Should I just give up and cut the spike? It has two more mature un-bloomed growths so...I just really wanted to see this one now.


----------



## likespaphs (Jul 19, 2006)

bummer. 
(the only thing is that only seedlings suffer from damping off. perhaps it had something else?)


----------



## Heather (Jul 19, 2006)

oh...okay. Well, I don't know but it was doing that nasty yellowing from the tip. Fast. On several interior leaves. I snipped them an inch back from the problem, cinnamon'd and stopped the progression. 

I'm just happy the thrips are gone, but if I should cut this spike and let the plant concentrate on gaining strength I'm happy to. If it doesn't matter much at this point, perhaps I'd hold off. I'm not sure which would be best for the plant at this point (it has an extremely robust root system, as do all of my Phrags...their saving grace right now....)


----------



## littlefrog (Jul 19, 2006)

If you think the plant is healthy enough, then go ahead and leave the spike. It will either bloom or not. Perhaps leave it on long enough to get an idea of the flower quality (although a summer blooming on a potentially stressed plant won't tell you much), and then cut the spike.

Damn thrips... Those and aphids are two pests that I had never seen before this year, and I'm really at a loss to get rid of them. Doesn't help that whenever my neighbor mows his hay field, the thrips decide my plants are the place to be.


----------



## Heather (Jul 19, 2006)

littlefrog said:


> Doesn't help that whenever my neighbor mows his hay field, the thrips decide my plants are the place to be.



oh! I read that about thrips and hayfields! Grr...

FWIW, the Conserve SC worked really well, and was very gentle, but I have had a few sheaths blast. So, you might lose flowers with it, but you'll also lose thrips. With the thrips, you'll lose the flowers anyway (though they seemed perfectly happy chomping on my leaves almost exclusively) so... I was impressed with how non-noxious it was as far as chemicals go.


----------



## littlefrog (Jul 19, 2006)

Where did you purchase the Conserve? I'm having trouble finding it on the interweb...


----------



## Heather (Jul 19, 2006)

Unfortunately, like all good killers, it isn't cheap...

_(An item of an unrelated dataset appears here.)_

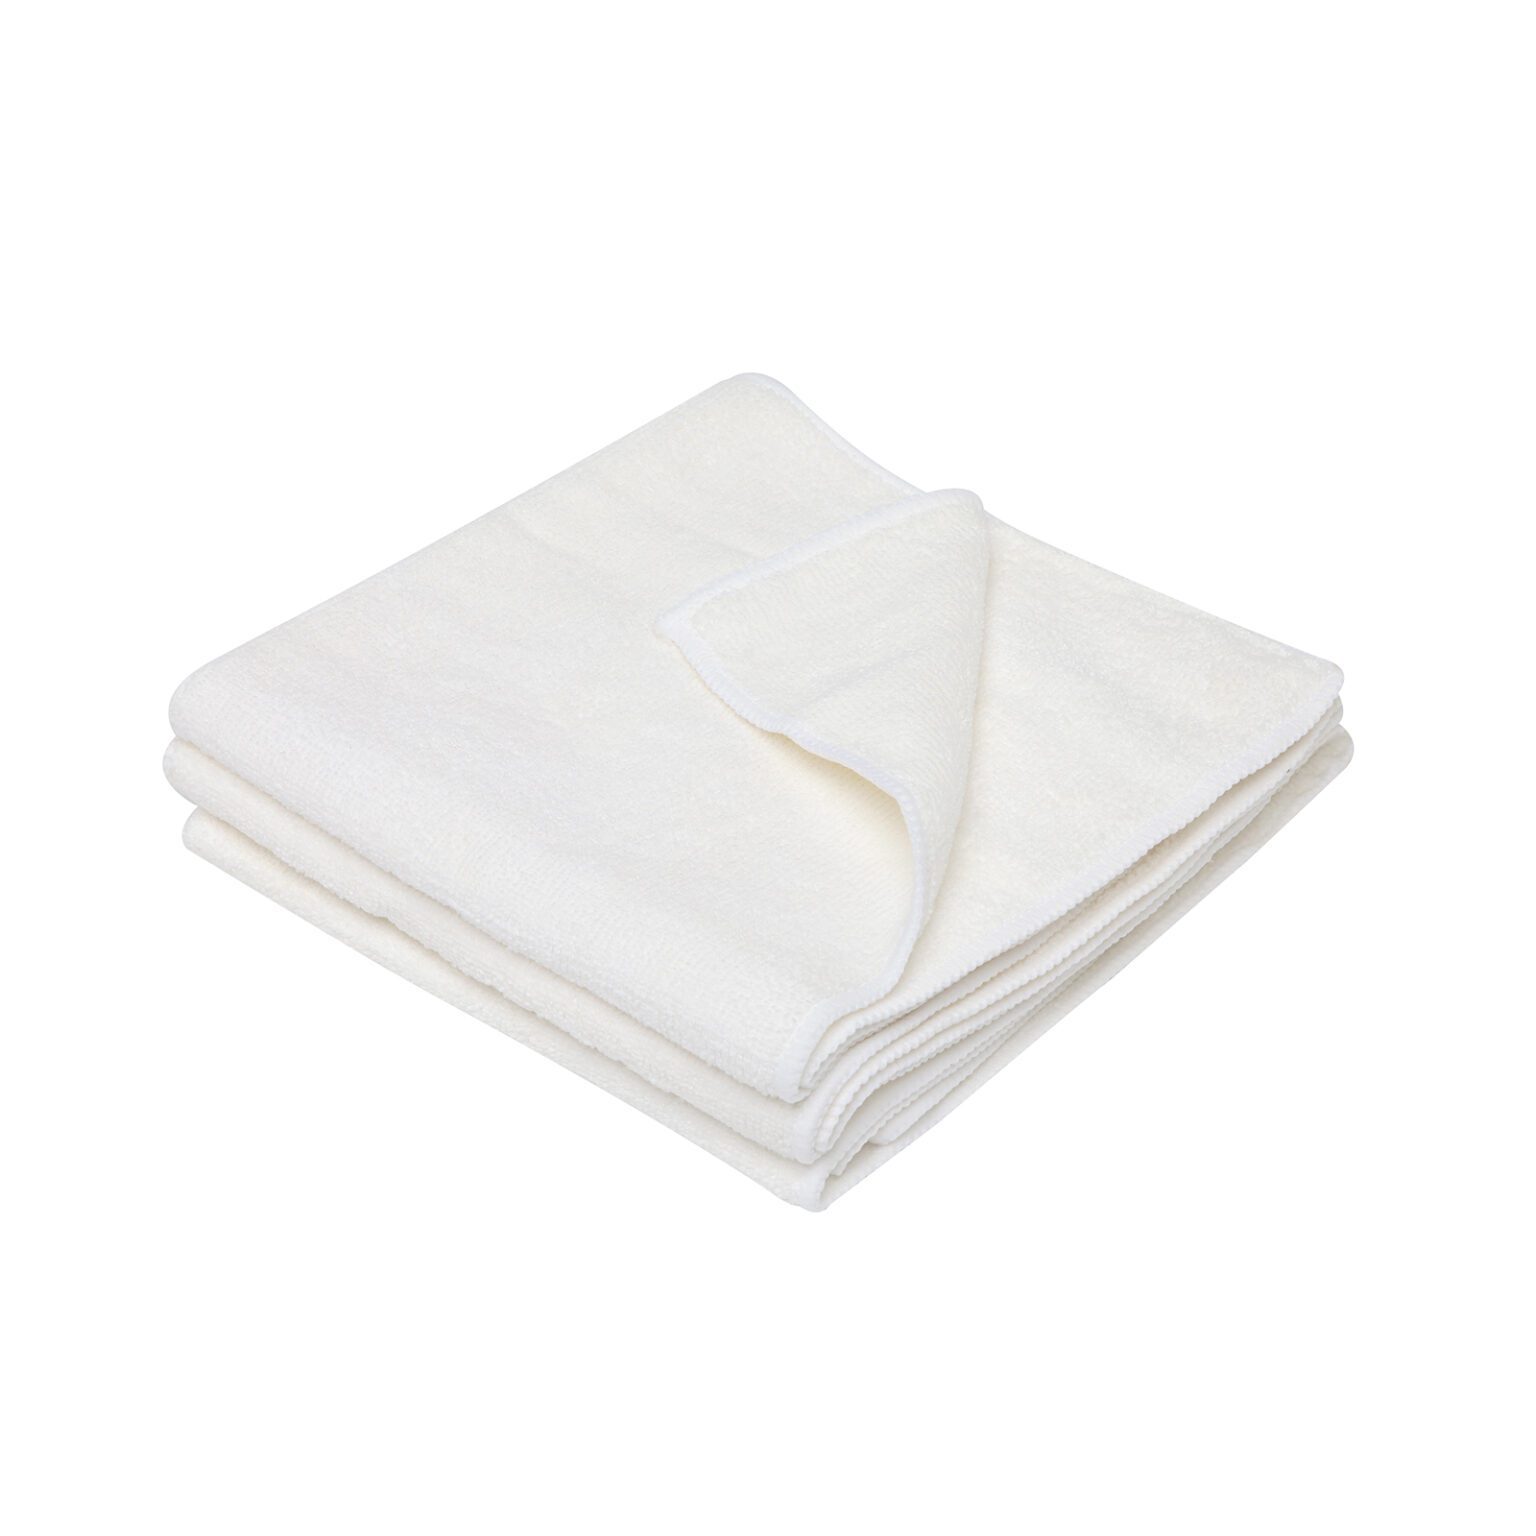 58014-merrifibre-cloth-white

http://rosemania.com/shopsite_sc/store/html/product103.html


----------



## littlefrog (Jul 19, 2006)

You ordered a whole quart? How long is that going to last? *grin*


----------



## likespaphs (Jul 19, 2006)

actually, compared to a lot of pesticides, i think it is fairly inexpensive....a little goes a long way.


----------



## Heather (Jul 23, 2006)

I ended up cutting the spike on this. I don't think it was going to ever do anything so it might as well work on just recovering.


----------